I suspect that part of the problem faced by many undergraduates is that their strategies for remembering mathematics have been developed to deal with what is mostly information of the first two kinds. However, as they progress, the type of material that has to be remembered increases considerably in complexity, and they may not receive much explicit guidance in how to cope with this new problem. Certainly it took me a long time to realize that it was an issue, and so to start to provide such guidance.

Again, I strongly recommend to my students that they don't try to learn off by heart the definition I give in class. I tell them to think about what the definition means, re-express it in their own words, in different ways, draw pictures, think of examples of things which satisfy the definition (and which don't). To try to distill out a brief expression of the idea in their own words, and use that as a skeleton for a formal statement.

This advice is heavily biased by the fact that the only way I can retain this type of material is by working with the idea until it is a natural tool, and then I can construct a formal definition whenever it is needed. And it is rarely expressed exactly the same way as the previous time.

Underneath it all, it isn't really a matter of learning the definition. It's a matter of absorbing the definition by working with it, and then constructing a statement of the definition when it is required.

Type 4

Learning proofs is something of a bugbear for many students. They often seem to see being asked to produce proofs as part of an exam as analogous to having some jack-booted fascist insist that they jump through a flaming hoop just because they can. So the first task is to explain that there is a rationale to why knowledge of some proofs is required: it is because they use techniques, or ideas, which can also be used in other situations. It helps to make this plausible if the proof techniques are in fact used in other situations.

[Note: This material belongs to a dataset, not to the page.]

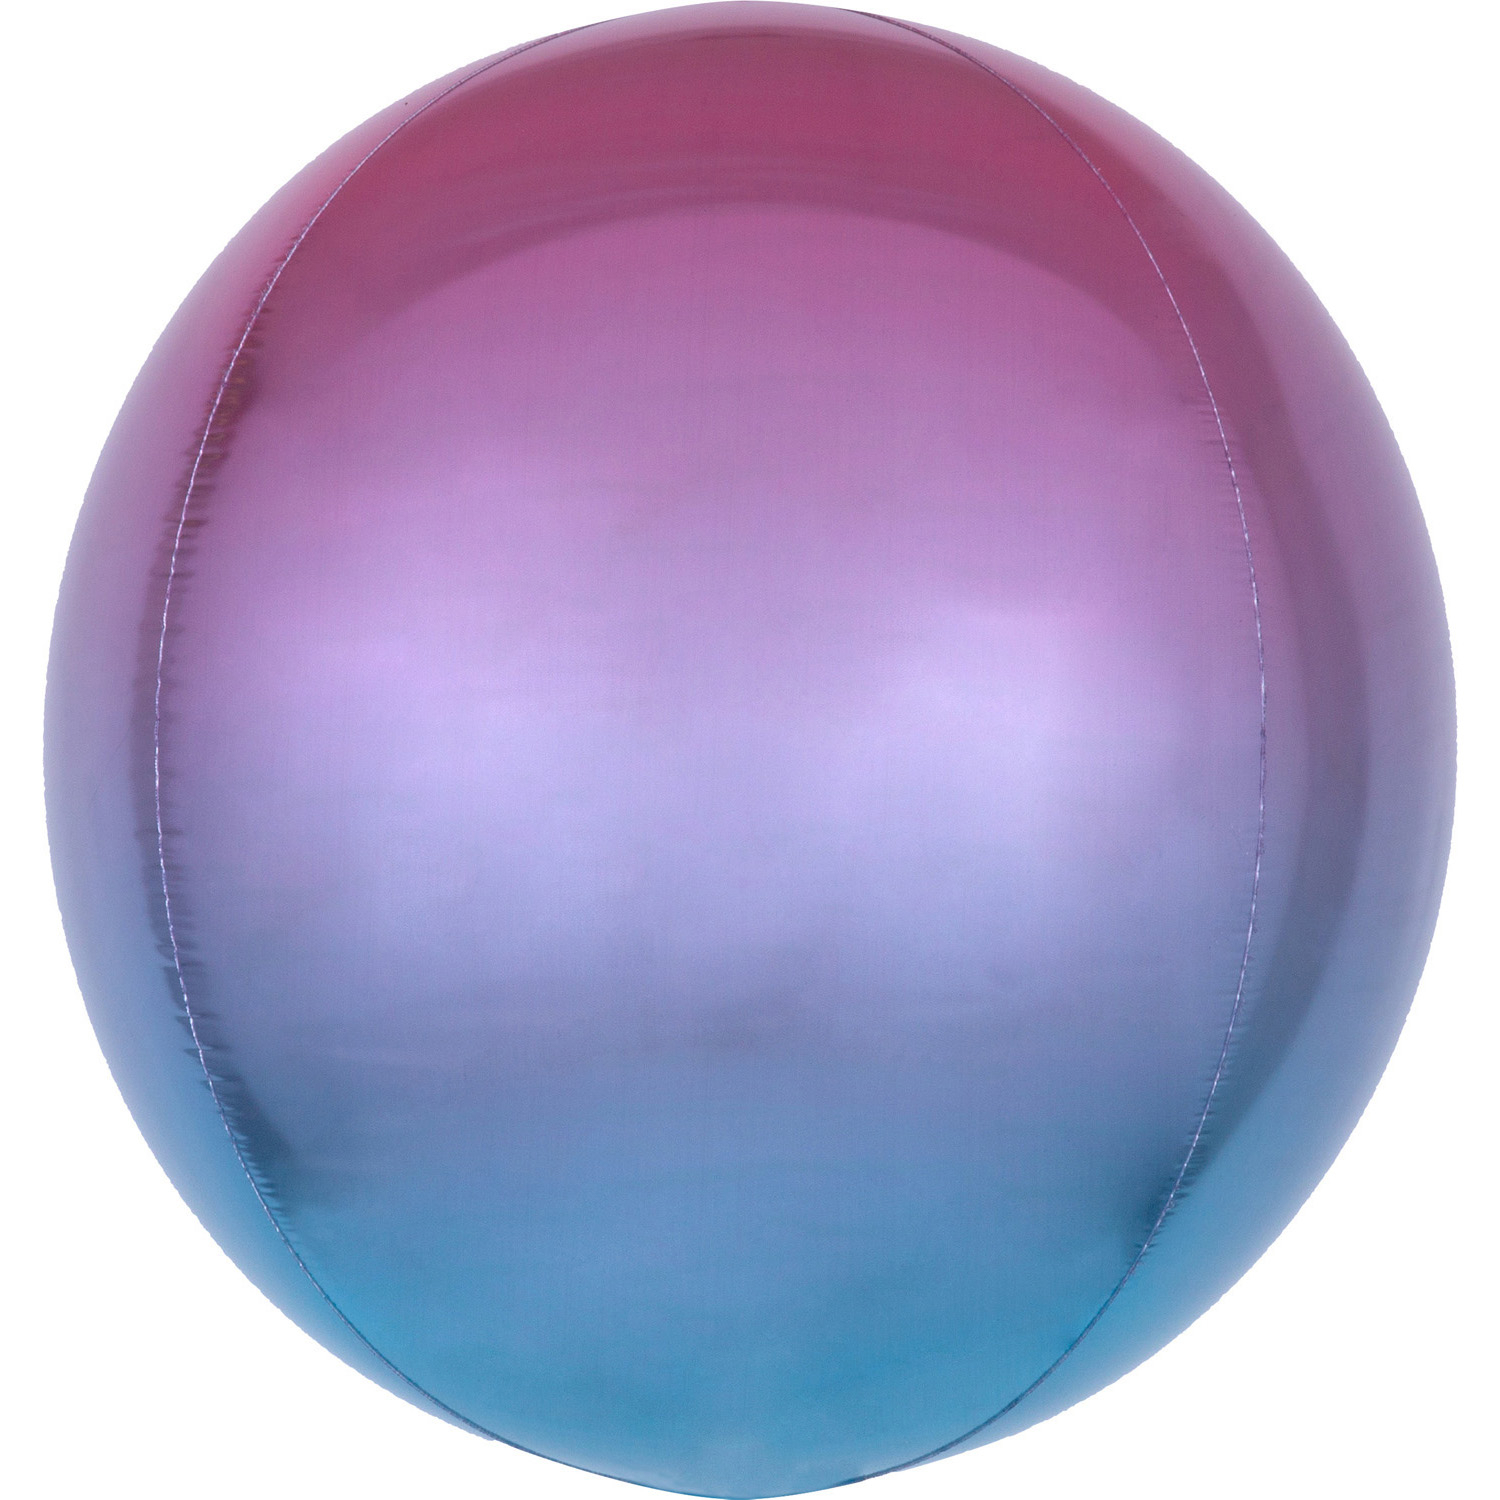 Ombre purple-blue foil balloon - sphere

So, let's assume that the students have been persuaded that knowing how to prove some standard results is a Good Thing for reasons other than to obtain an extra 5 marks in the exam. (In my experience, if the promise of 5 marks is the only motivation, it is a pretty weak one,, judging by the level of performance it elicits.)

Again, I strongly advise the students against trying to learn the proof off by heart.

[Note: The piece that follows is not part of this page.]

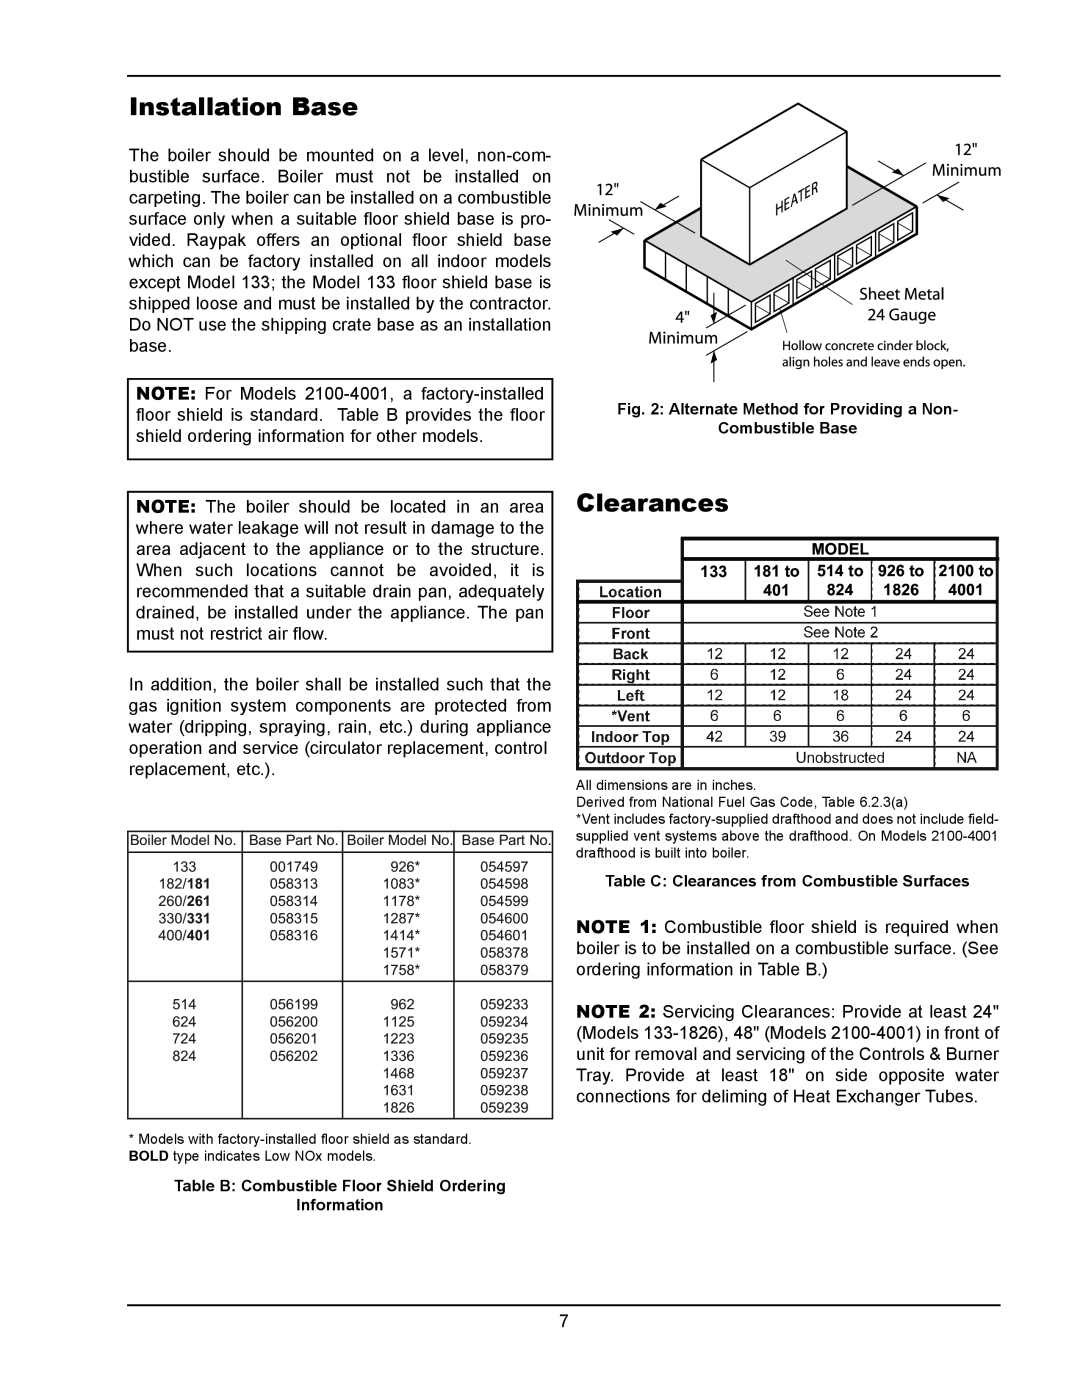 Raypak 133-4001 manual Installation Base, Clearances

The first thing I advise is to work through the proof to understand it. This seems obvious, but to at least some students it seems like additional work, not a labour-saving device. It's hard to remember something you don't understand.

But there is the question of what it means to understand it. A necessary, but not sufficient condition is that the logic of the step from each line to the next be clearly understood. But that certainly isn't enough. In addition to that there has to be an understanding of how the steps accumulate to provide the proof. There is generally a core idea that the structure of the proof is built around, and a firm grip of that central idea (or possibly ideas) together with how the individual steps realize the idea combine to give a solid feel for the truth of the result. Ideally, it shouldn't just be an intellectual acceptance that the steps go from premises to conclusion, so the conclusion must be right, but a more visceral feeling for the truth of the conclusion.

And once the proof has been thought through, wrestled with, and boiled down to a core idea or two, there should be no necessity to 'learn the proof'. The statement of the theorem automatically throws up the core ideas of the proof, and fleshing those ideas out to a formal proof is then just (!) a matter of putting in the detail.

The philosophy here is similar to that for Type 3; you don't learn the proof, you wrestle with it and work with it until it is absorbed into your mathematical toolkit. Eventually you remember it. At no point do you memorize it.


It may have been patently obvious, but the above is not the result of me carrying out carefully designed scientific experiments into just which strategies for learning different types of material are most effective. Some of it is based on reading about how memory works, some on what works for me, and some on the responses I've received to advice I've given to students in the past.